## TASK DIRECTIONS
The full listing, excluding its pictures, should be printed exactly as it stands.

## SOURCE MATERIAL
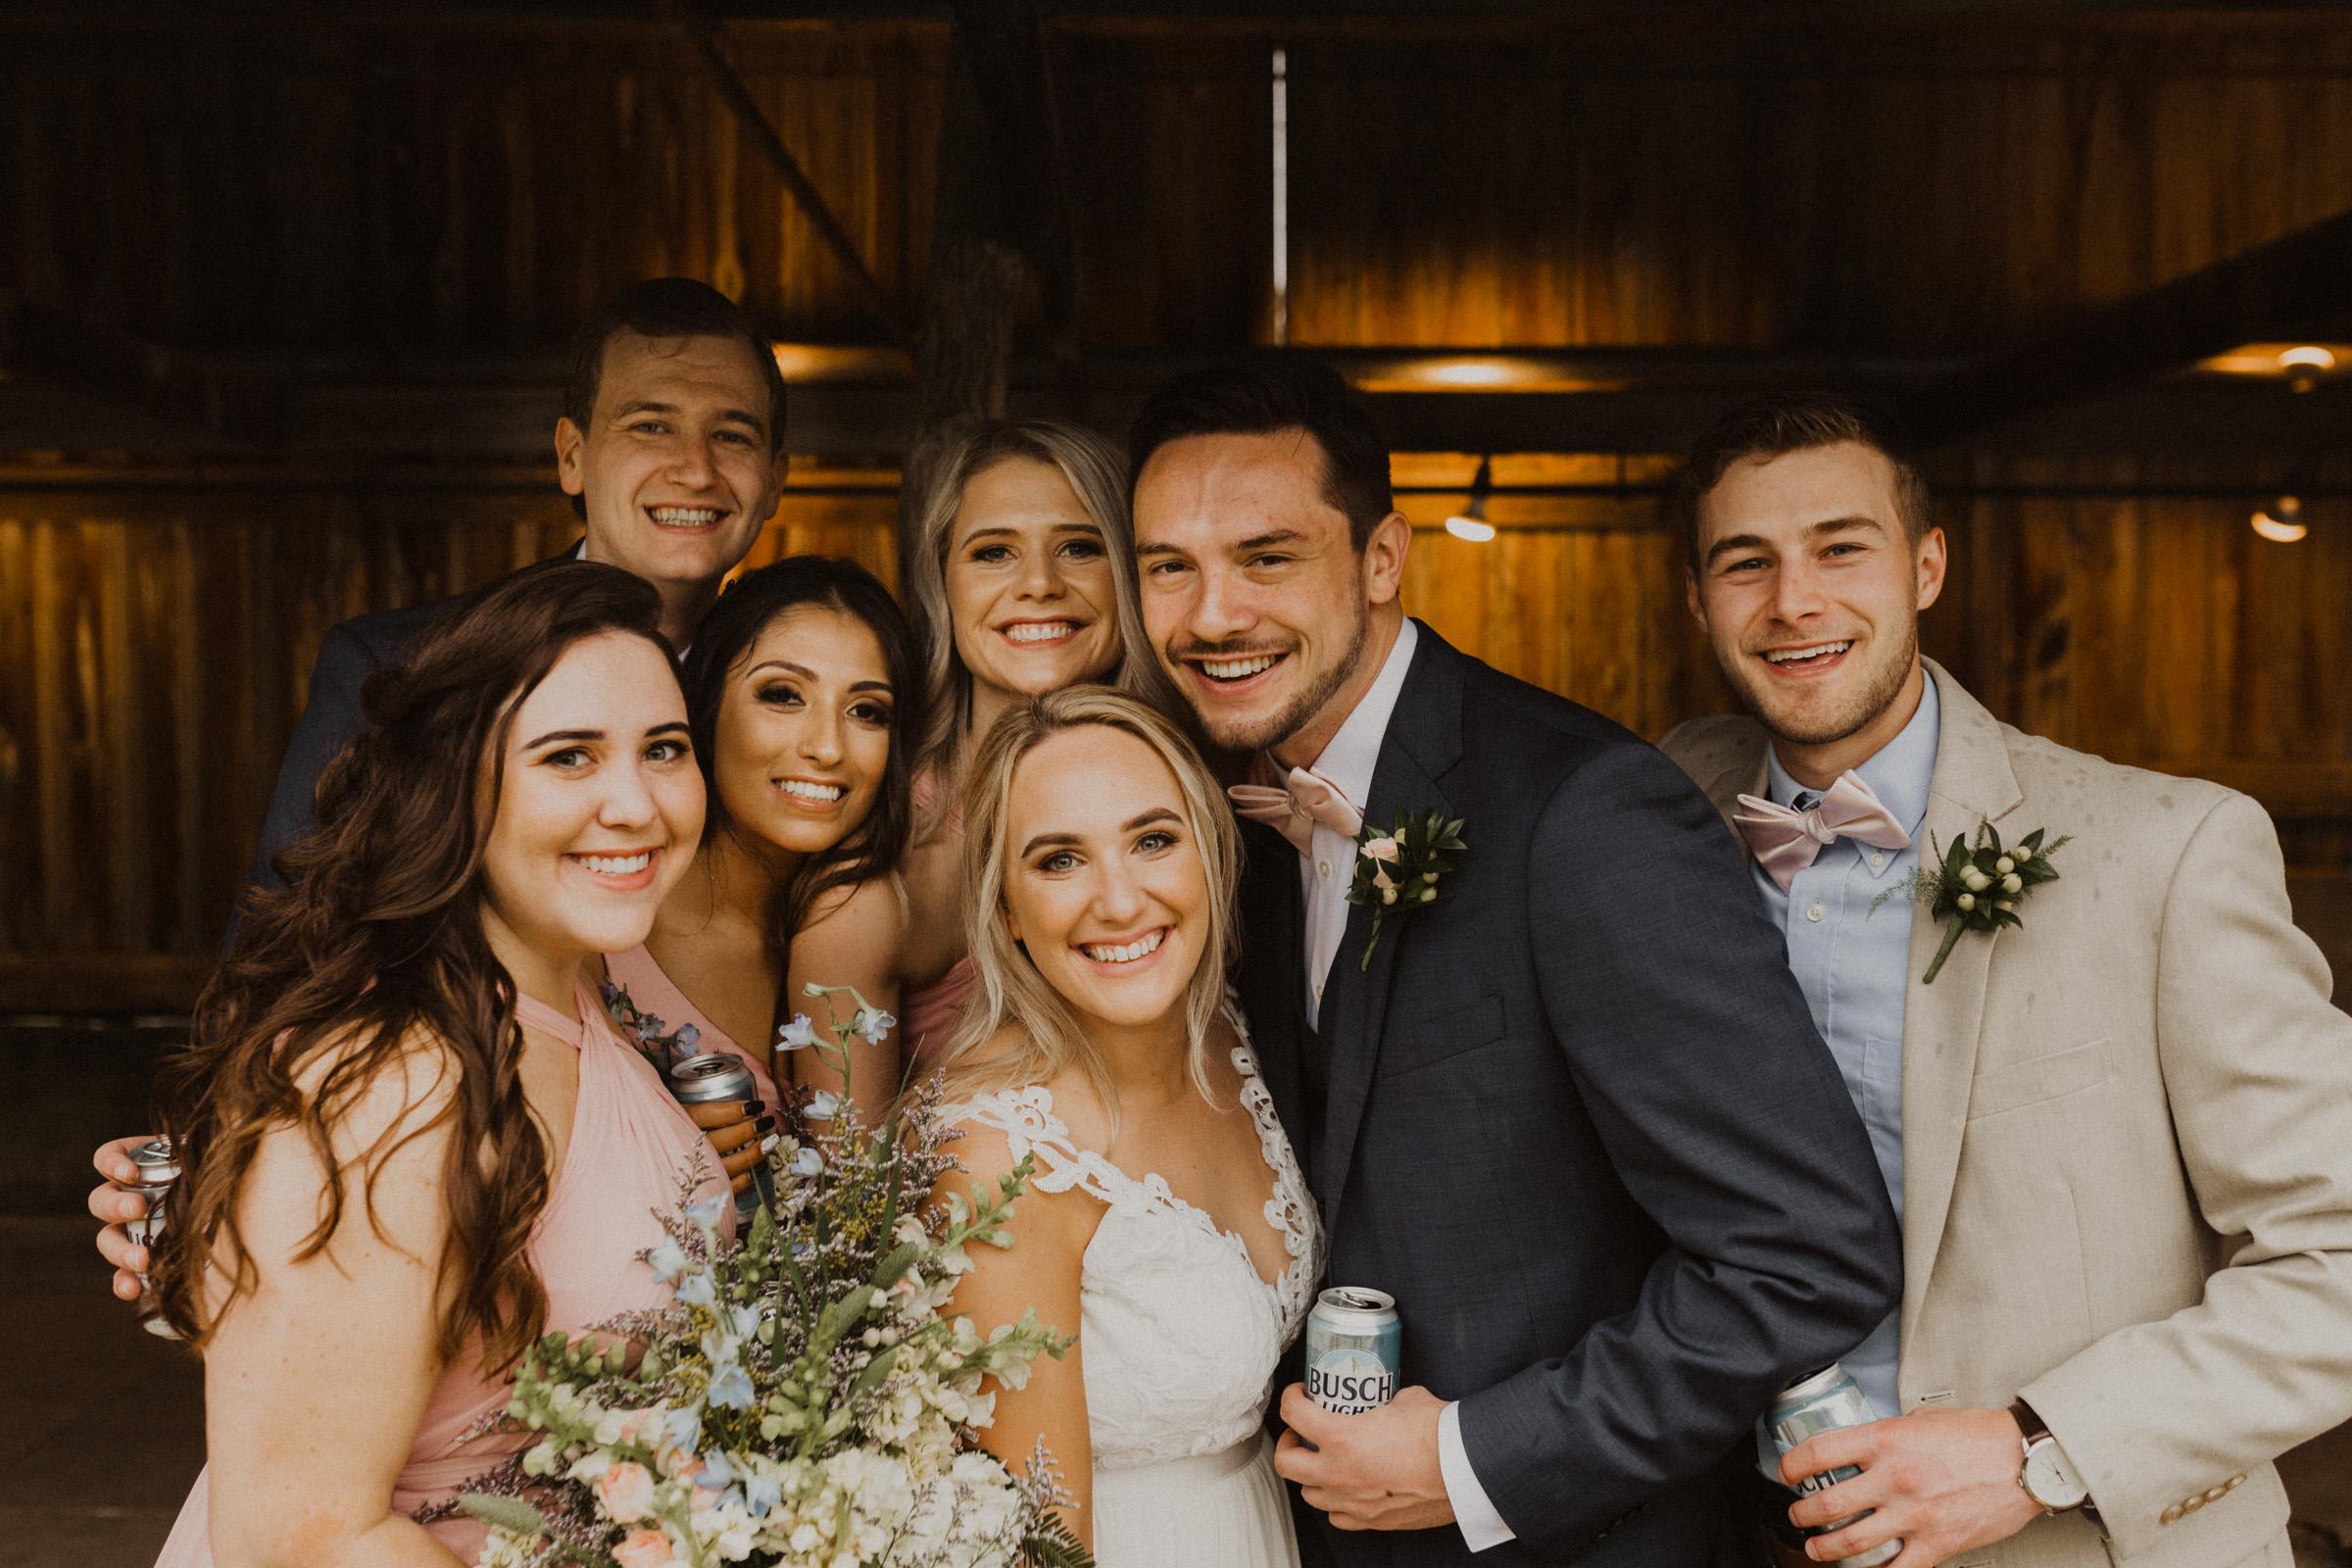 alyssa barletter photography nelson wedding nebraska city lied lodge morton barn spring wedding photographer-22.jpg
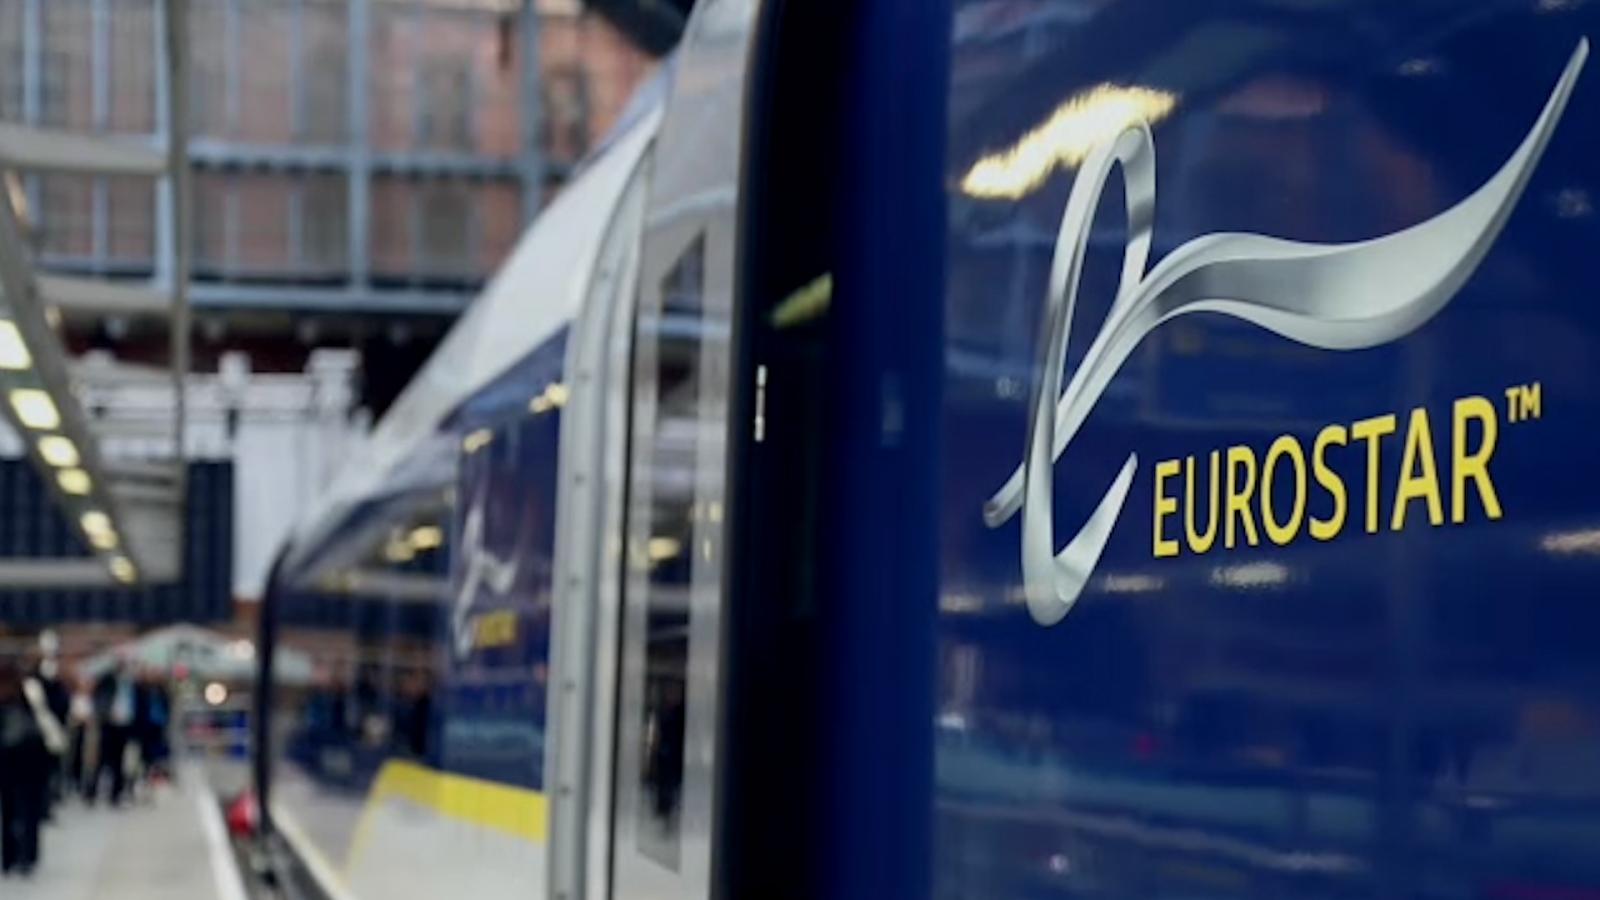 Eurostar strike over work-life dispute
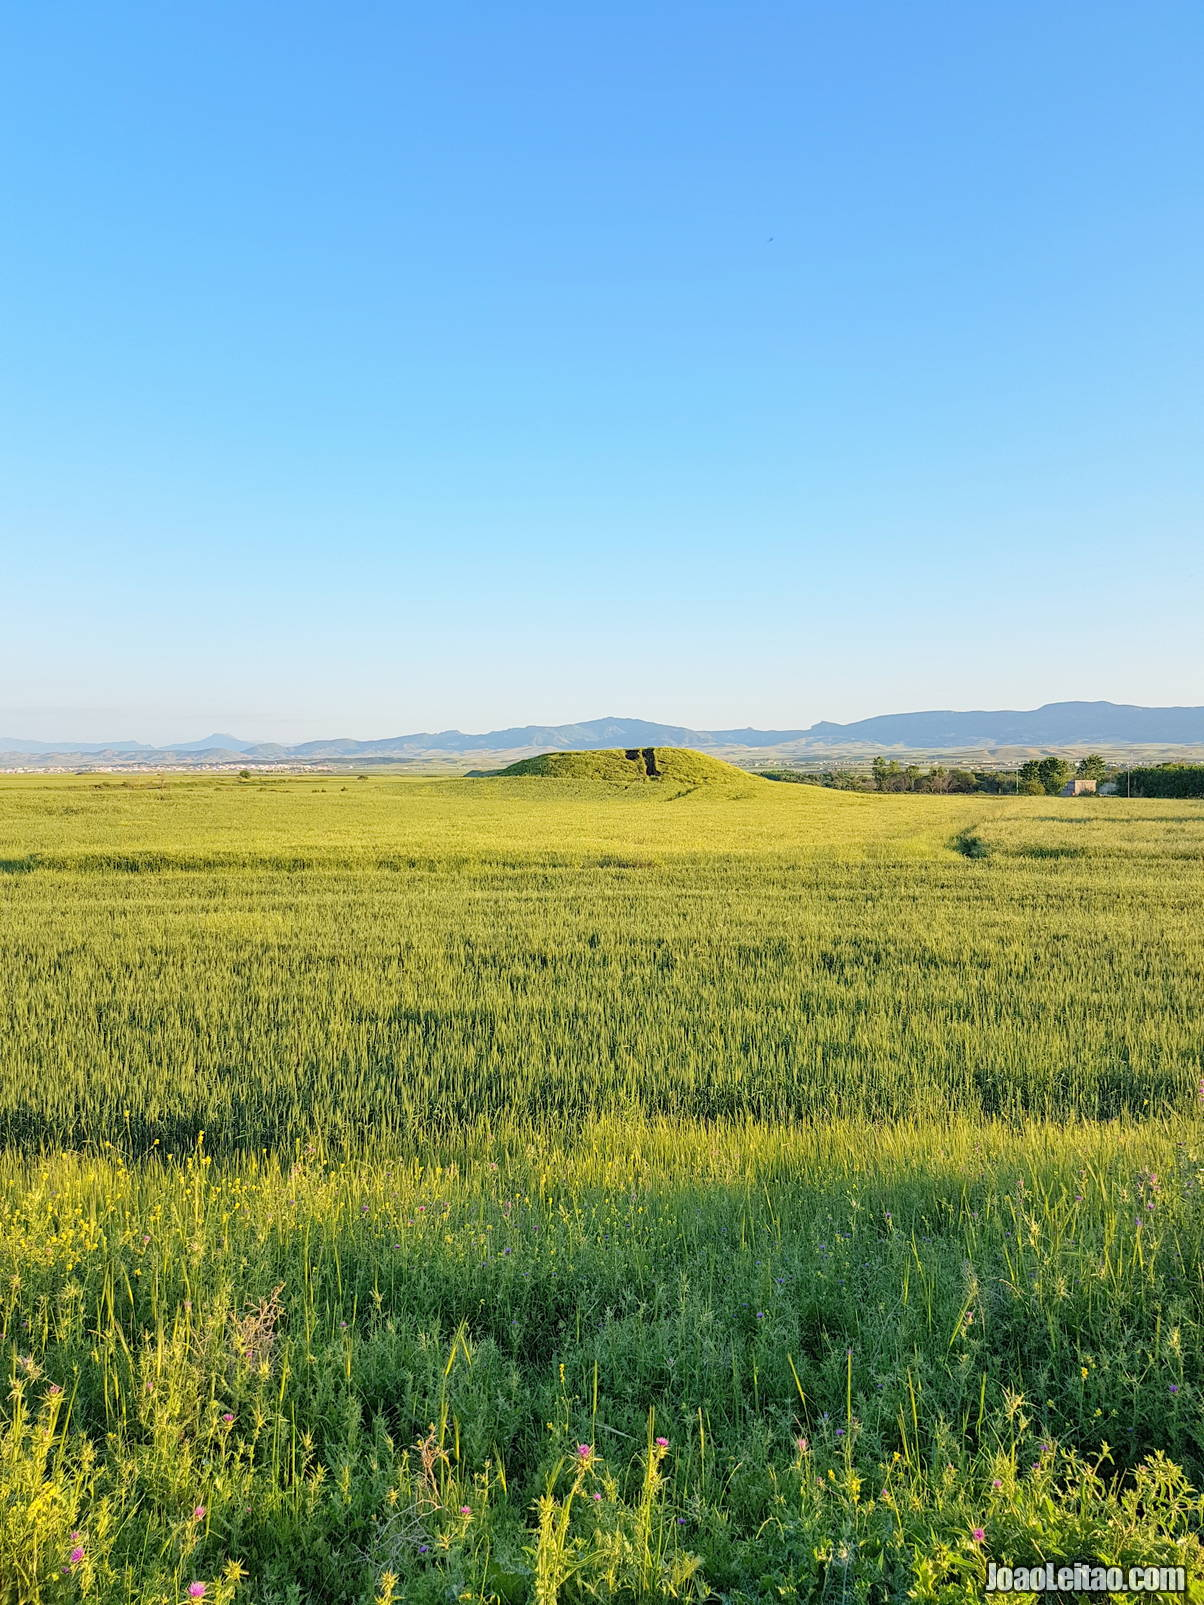 Visit Yasin Tepe in Iraqi Kurdistan
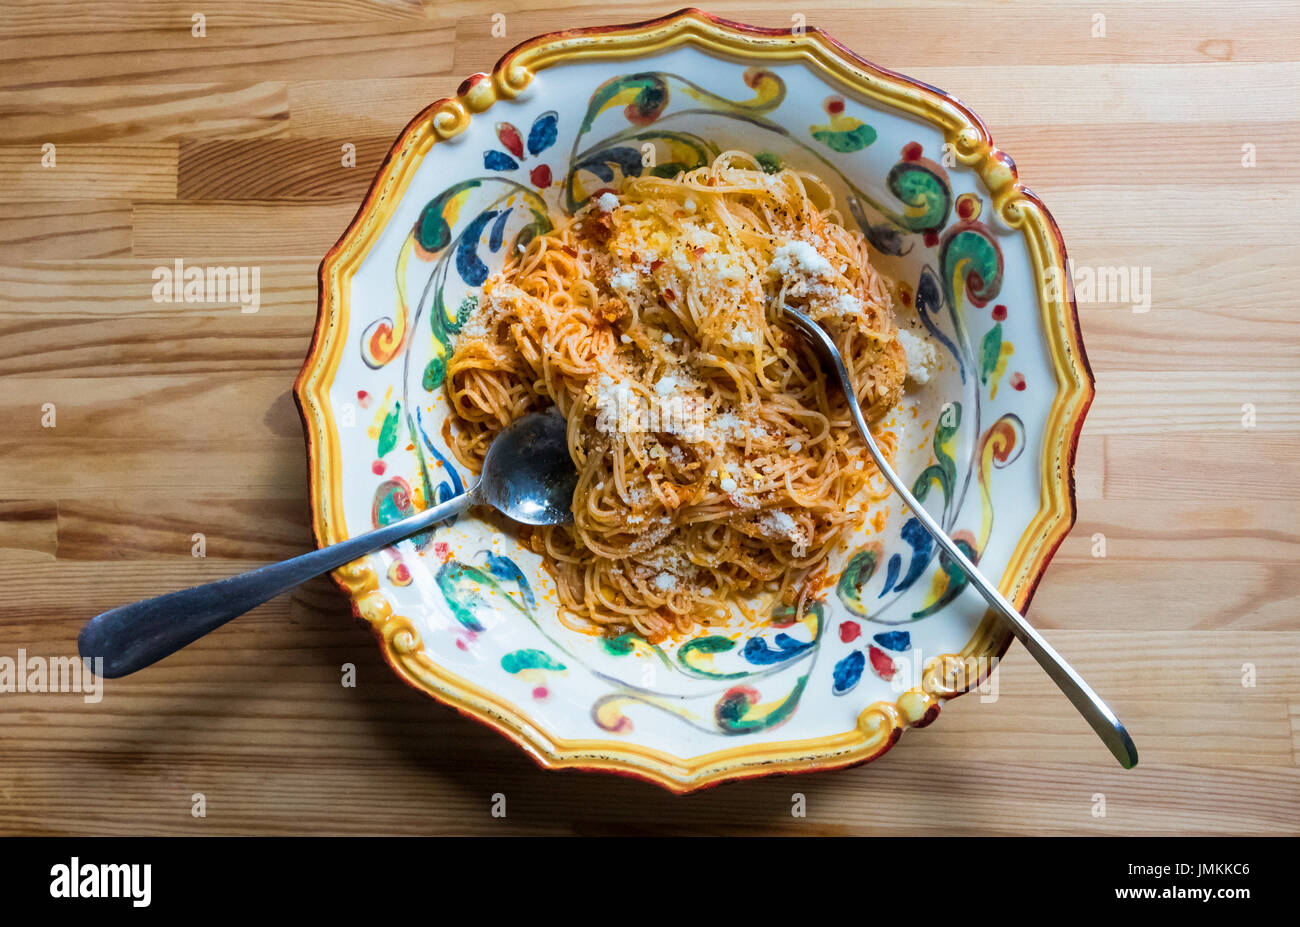 Spaghettini, o pasta fina, con tomate, cebolla, mantequilla y parmigiano reggiano (parmesano) de queso. Imagen De Stock

## REPLY
 alyssa barletter photography nelson wedding nebraska city lied lodge morton barn spring wedding photographer-22.jpg
 Eurostar strike over work-life dispute
 Visit Yasin Tepe in Iraqi Kurdistan
 Spaghettini, o pasta fina, con tomate, cebolla, mantequilla y parmigiano reggiano (parmesano) de queso. Imagen De Stock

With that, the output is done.